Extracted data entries

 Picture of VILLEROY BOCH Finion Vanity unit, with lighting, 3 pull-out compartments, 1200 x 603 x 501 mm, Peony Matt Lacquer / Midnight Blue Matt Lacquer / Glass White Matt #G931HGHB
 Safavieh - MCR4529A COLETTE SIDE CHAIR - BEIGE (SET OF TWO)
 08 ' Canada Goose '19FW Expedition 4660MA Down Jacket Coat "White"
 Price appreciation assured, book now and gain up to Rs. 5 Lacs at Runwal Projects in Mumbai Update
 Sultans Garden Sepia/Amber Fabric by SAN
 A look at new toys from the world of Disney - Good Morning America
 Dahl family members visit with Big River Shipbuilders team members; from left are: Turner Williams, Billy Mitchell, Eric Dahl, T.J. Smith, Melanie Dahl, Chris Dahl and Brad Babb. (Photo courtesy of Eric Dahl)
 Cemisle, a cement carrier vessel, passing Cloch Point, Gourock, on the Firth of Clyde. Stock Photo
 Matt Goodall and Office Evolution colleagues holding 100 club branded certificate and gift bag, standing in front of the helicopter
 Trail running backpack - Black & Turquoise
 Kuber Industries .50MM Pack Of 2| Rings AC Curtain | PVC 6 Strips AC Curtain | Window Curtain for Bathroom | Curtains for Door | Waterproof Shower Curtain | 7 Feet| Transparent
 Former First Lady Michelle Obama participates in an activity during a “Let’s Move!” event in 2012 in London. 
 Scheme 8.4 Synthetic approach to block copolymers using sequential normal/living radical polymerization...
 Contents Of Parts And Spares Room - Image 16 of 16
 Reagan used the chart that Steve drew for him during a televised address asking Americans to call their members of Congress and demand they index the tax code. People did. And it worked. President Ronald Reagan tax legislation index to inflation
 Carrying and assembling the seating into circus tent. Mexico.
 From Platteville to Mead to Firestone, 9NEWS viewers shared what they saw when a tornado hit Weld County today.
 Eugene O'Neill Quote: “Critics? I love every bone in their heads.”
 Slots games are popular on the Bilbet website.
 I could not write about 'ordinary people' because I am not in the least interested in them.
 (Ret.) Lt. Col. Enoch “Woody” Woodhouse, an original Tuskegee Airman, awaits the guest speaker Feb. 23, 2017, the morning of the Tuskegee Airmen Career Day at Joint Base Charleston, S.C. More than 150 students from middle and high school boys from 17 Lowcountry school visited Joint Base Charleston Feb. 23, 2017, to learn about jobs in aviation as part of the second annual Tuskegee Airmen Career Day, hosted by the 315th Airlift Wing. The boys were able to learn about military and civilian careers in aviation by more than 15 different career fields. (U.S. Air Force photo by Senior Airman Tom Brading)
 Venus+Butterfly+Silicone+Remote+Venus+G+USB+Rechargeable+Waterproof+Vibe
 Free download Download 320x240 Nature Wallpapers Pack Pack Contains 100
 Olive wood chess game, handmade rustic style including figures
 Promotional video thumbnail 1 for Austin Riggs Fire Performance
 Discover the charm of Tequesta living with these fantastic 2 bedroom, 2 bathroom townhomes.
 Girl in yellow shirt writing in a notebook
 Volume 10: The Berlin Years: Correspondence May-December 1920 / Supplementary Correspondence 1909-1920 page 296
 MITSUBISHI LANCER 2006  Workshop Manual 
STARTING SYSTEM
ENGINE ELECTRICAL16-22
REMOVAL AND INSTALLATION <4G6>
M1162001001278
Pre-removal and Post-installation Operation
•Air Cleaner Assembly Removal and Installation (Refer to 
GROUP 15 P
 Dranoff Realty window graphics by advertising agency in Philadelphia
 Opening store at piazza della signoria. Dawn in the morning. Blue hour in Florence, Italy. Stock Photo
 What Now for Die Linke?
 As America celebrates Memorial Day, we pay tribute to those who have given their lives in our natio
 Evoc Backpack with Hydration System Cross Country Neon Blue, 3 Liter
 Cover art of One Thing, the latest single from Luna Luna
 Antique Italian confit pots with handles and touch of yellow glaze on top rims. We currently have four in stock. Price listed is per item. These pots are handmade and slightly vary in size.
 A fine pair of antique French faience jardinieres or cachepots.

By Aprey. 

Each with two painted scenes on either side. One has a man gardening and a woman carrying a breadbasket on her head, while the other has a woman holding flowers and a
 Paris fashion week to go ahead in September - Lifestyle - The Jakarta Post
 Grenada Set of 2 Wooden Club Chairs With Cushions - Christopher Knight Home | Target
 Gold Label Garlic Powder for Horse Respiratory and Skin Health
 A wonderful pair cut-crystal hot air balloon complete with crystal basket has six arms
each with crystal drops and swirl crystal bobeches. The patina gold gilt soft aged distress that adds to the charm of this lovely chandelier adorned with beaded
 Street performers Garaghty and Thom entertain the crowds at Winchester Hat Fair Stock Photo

PROBLEM STATEMENT → Restate the whole set of entries exactly.

RESULT OF THIS TASK →
 Picture of VILLEROY BOCH Finion Vanity unit, with lighting, 3 pull-out compartments, 1200 x 603 x 501 mm, Peony Matt Lacquer / Midnight Blue Matt Lacquer / Glass White Matt #G931HGHB
 Safavieh - MCR4529A COLETTE SIDE CHAIR - BEIGE (SET OF TWO)
 08 ' Canada Goose '19FW Expedition 4660MA Down Jacket Coat "White"
 Price appreciation assured, book now and gain up to Rs. 5 Lacs at Runwal Projects in Mumbai Update
 Sultans Garden Sepia/Amber Fabric by SAN
 A look at new toys from the world of Disney - Good Morning America
 Dahl family members visit with Big River Shipbuilders team members; from left are: Turner Williams, Billy Mitchell, Eric Dahl, T.J. Smith, Melanie Dahl, Chris Dahl and Brad Babb. (Photo courtesy of Eric Dahl)
 Cemisle, a cement carrier vessel, passing Cloch Point, Gourock, on the Firth of Clyde. Stock Photo
 Matt Goodall and Office Evolution colleagues holding 100 club branded certificate and gift bag, standing in front of the helicopter
 Trail running backpack - Black & Turquoise
 Kuber Industries .50MM Pack Of 2| Rings AC Curtain | PVC 6 Strips AC Curtain | Window Curtain for Bathroom | Curtains for Door | Waterproof Shower Curtain | 7 Feet| Transparent
 Former First Lady Michelle Obama participates in an activity during a “Let’s Move!” event in 2012 in London. 
 Scheme 8.4 Synthetic approach to block copolymers using sequential normal/living radical polymerization...
 Contents Of Parts And Spares Room - Image 16 of 16
 Reagan used the chart that Steve drew for him during a televised address asking Americans to call their members of Congress and demand they index the tax code. People did. And it worked. President Ronald Reagan tax legislation index to inflation
 Carrying and assembling the seating into circus tent. Mexico.
 From Platteville to Mead to Firestone, 9NEWS viewers shared what they saw when a tornado hit Weld County today.
 Eugene O'Neill Quote: “Critics? I love every bone in their heads.”
 Slots games are popular on the Bilbet website.
 I could not write about 'ordinary people' because I am not in the least interested in them.
 (Ret.) Lt. Col. Enoch “Woody” Woodhouse, an original Tuskegee Airman, awaits the guest speaker Feb. 23, 2017, the morning of the Tuskegee Airmen Career Day at Joint Base Charleston, S.C. More than 150 students from middle and high school boys from 17 Lowcountry school visited Joint Base Charleston Feb. 23, 2017, to learn about jobs in aviation as part of the second annual Tuskegee Airmen Career Day, hosted by the 315th Airlift Wing. The boys were able to learn about military and civilian careers in aviation by more than 15 different career fields. (U.S. Air Force photo by Senior Airman Tom Brading)
 Venus+Butterfly+Silicone+Remote+Venus+G+USB+Rechargeable+Waterproof+Vibe
 Free download Download 320x240 Nature Wallpapers Pack Pack Contains 100
 Olive wood chess game, handmade rustic style including figures
 Promotional video thumbnail 1 for Austin Riggs Fire Performance
 Discover the charm of Tequesta living with these fantastic 2 bedroom, 2 bathroom townhomes.
 Girl in yellow shirt writing in a notebook
 Volume 10: The Berlin Years: Correspondence May-December 1920 / Supplementary Correspondence 1909-1920 page 296
 MITSUBISHI LANCER 2006  Workshop Manual 
STARTING SYSTEM
ENGINE ELECTRICAL16-22
REMOVAL AND INSTALLATION <4G6>
M1162001001278
Pre-removal and Post-installation Operation
•Air Cleaner Assembly Removal and Installation (Refer to 
GROUP 15 P
 Dranoff Realty window graphics by advertising agency in Philadelphia
 Opening store at piazza della signoria. Dawn in the morning. Blue hour in Florence, Italy. Stock Photo
 What Now for Die Linke?
 As America celebrates Memorial Day, we pay tribute to those who have given their lives in our natio
 Evoc Backpack with Hydration System Cross Country Neon Blue, 3 Liter
 Cover art of One Thing, the latest single from Luna Luna
 Antique Italian confit pots with handles and touch of yellow glaze on top rims. We currently have four in stock. Price listed is per item. These pots are handmade and slightly vary in size.
 A fine pair of antique French faience jardinieres or cachepots.

By Aprey. 

Each with two painted scenes on either side. One has a man gardening and a woman carrying a breadbasket on her head, while the other has a woman holding flowers and a
 Paris fashion week to go ahead in September - Lifestyle - The Jakarta Post
 Grenada Set of 2 Wooden Club Chairs With Cushions - Christopher Knight Home | Target
 Gold Label Garlic Powder for Horse Respiratory and Skin Health
 A wonderful pair cut-crystal hot air balloon complete with crystal basket has six arms
each with crystal drops and swirl crystal bobeches. The patina gold gilt soft aged distress that adds to the charm of this lovely chandelier adorned with beaded
 Street performers Garaghty and Thom entertain the crowds at Winchester Hat Fair Stock Photo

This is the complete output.